Our model gets an input $X$ and creates a value between 0 and 1 as the probability of the input being the digit 1. Note that the input $X$ is a matrix of dimensions $(d,M)$ and $W$ is a vector of dimensions $(d,1)$ and $b$ is a scalar. Also, note that when you add a scalar to a vector or a matrix, it is added to each element in the matrix.

In [32]:
def hyp_fun(X,W,b):
    
    # linear combination of inputs
    z = np.dot(W.T,X)+b
    # sigmoid function on top of the linear function
    yhat = np.divide(1,np.array(1+np.exp(-z)))
    
    # we consider .5 as our threshhold
    # yhat>.5 -> 1 and yhat<.5 -> 0
    binary_yhat = np.zeros_like(yhat)
    for i in range(yhat.shape[1]):
        if yhat[0,i]>.5:
            binary_yhat[0,i]=1
            
    return binary_yhat

Remind yourself of the loss function associated with the logistic regression model:

$$ J = \frac{1}{m} \sum - y^{i}  \log(\hat{y}^{i}) - (1-y^{i} )  \log(1-\hat{y}^{i})$$
$$ J = \frac{1}{m} \sum - y^{i}  \log(g(x^i)) - (1-y^{i} )  \log(1-g(x^i))$$

** Exercise.** Find the derivate of the cost function with respect to $W$ and $b$. Your answer should match the derivatives in the next cell.

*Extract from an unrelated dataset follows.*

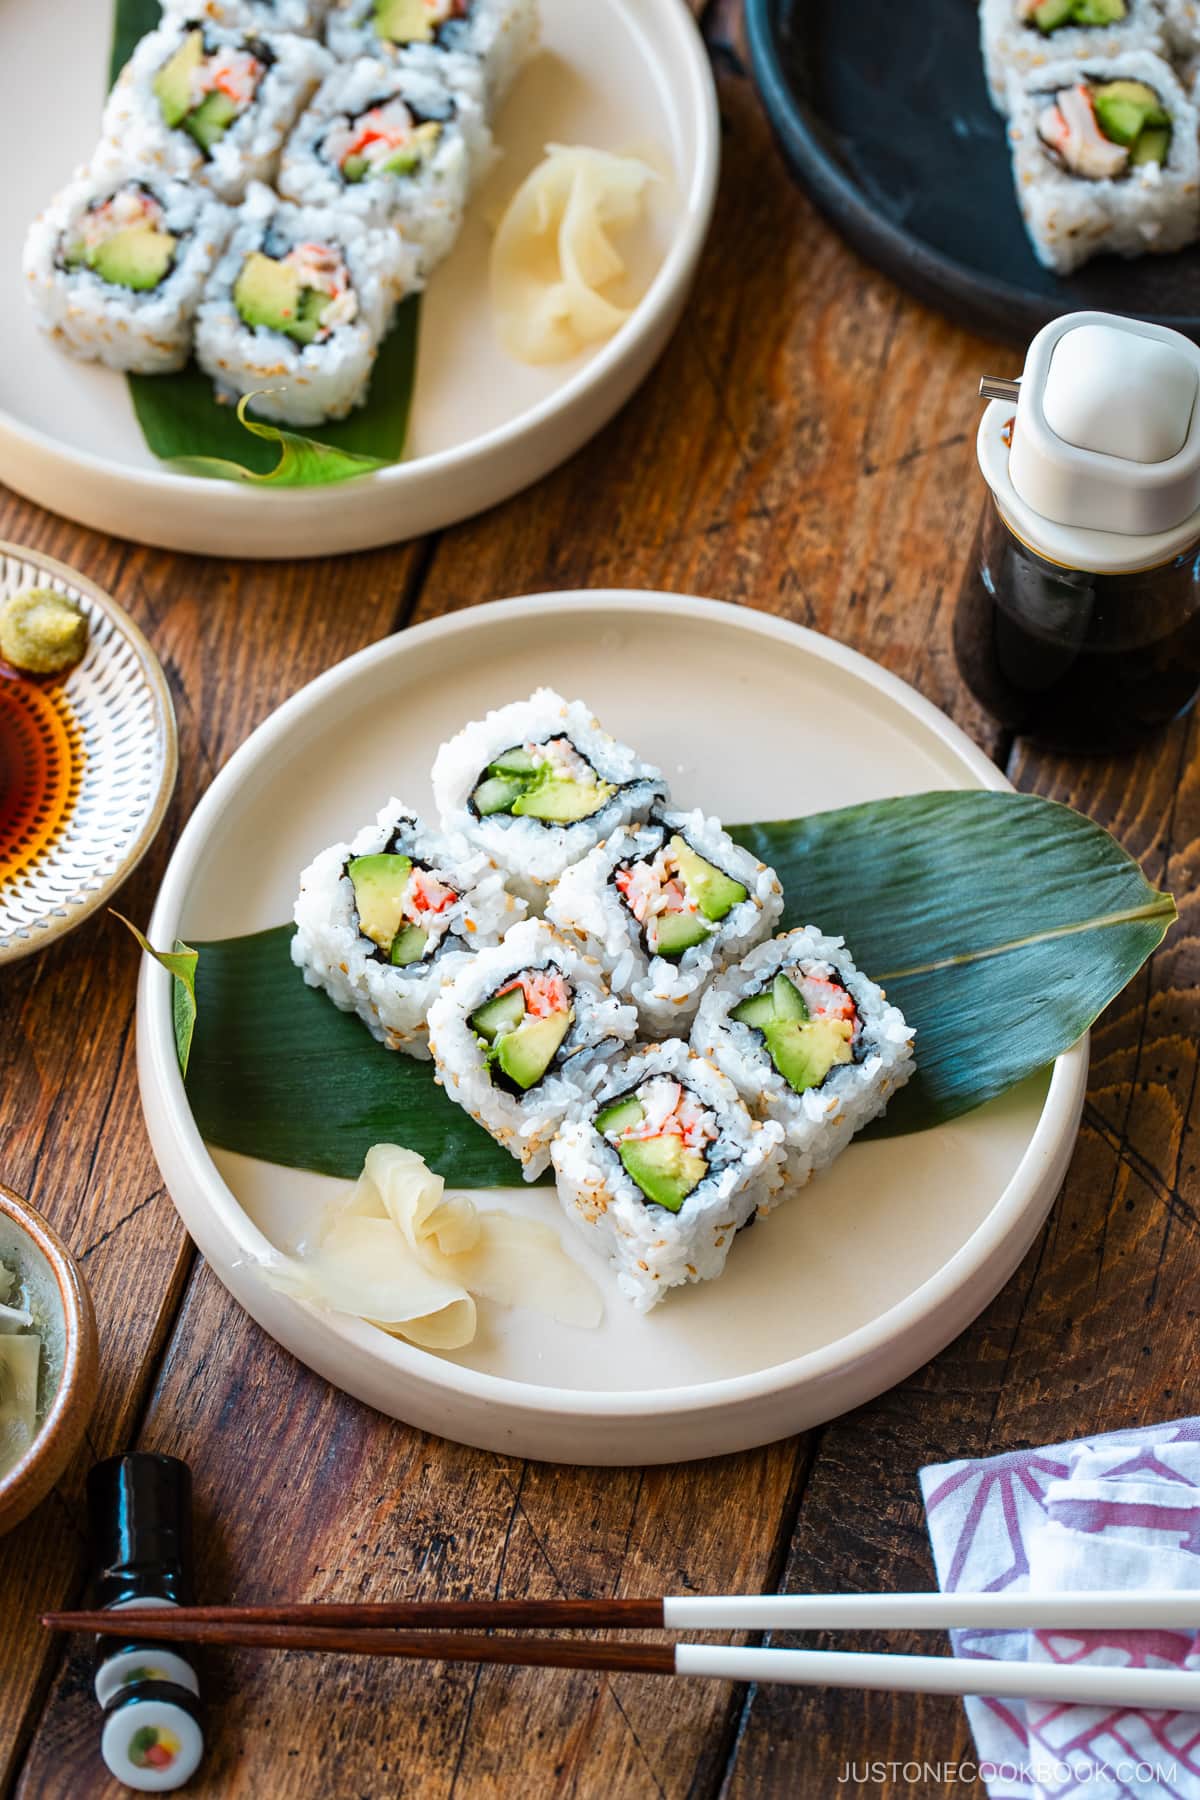 Round ceramic plates containing six pieces of California rolls over a bamboo leaf along with sushi ginger.

Next, we need to find the derivatives of the cost function with respect to the model parameters. Remind yourself of how to calculate the derivatives. 

$$ \frac{\partial J}{\partial W} = \frac{1}{m}X(g(X)-Y)^T$$
$$ \frac{\partial J}{\partial b} = \frac{1}{m} \sum_{i=1}^m (g(x^i)-y^{i})$$

We are now ready to train the model. Remember that to tune the parameters the model, we need to nudge them in the direction that decreases the error. The direction is given by the gradient, so we have

$$W_{new} = W_{cur} - \lambda \frac{\partial J}{\partial W}$$

$$b_{new} = b_{cur} - \lambda \frac{\partial J}{\partial b}$$

We calculate our accuracy based on the percentage of correct answers we get from our model.

Finally, we initialize our parameters (more about this later). And we go over a for loop to tune our parameters to minimize cost.

In [33]:
#from tqdm import tqdm

dim = X.shape[0]
m = X.shape[1]

costs = []
accs = []

w = np.zeros((dim,1))
b = 0

learning_rate = 0.01

for i in range(250000):
    z = np.dot(w.T,X)+b
    A = np.divide(1,np.array(1+np.exp(-z)))

    cost = (-1./m)*np.sum(y*np.log(A)+(1-y)*np.log((1-A)))
    
    acc = 100 - np.mean(np.abs(hyp_fun(X,w,b) - y)) * 100

    dw = (1./m)*np.dot(X,(A-y).T)
    db = (1./m)*np.sum(A-y)
    
    w = w - learning_rate*dw
    b = b - learning_rate*db
    
    if i % 100 == 0:
        costs.append(cost)
        accs.append(acc)

In [37]:
# Plot learning curve (with costs)
costs = np.squeeze(costs)
plt.plot(costs)
plt.show()

<IPython.core.display.Javascript object>

In [38]:
# Plot learning curve (with costs)
accs = np.squeeze(accs)
plt.plot(accs)
plt.show()

<IPython.core.display.Javascript object>

Here, we go over an extra step to test our method on some handwritten digits written by ourselves. To load and process the images, we need to install the `opencv3` library by running the command
```
conda install -c menpo opencv3 
```

**Excercise.** Compute the accuracy of our model on a test set. Remember that you will need to separate a part of the data including only 1s and 5s and retrain the model on images not in that subset (the model should not see the test data in the training phase). When done with training, compare the predicted label `yhat=hyp_fun(X_test)` with the actual label `y_test` and find the percentage of the correct answers. You answer should be above $70$ percent.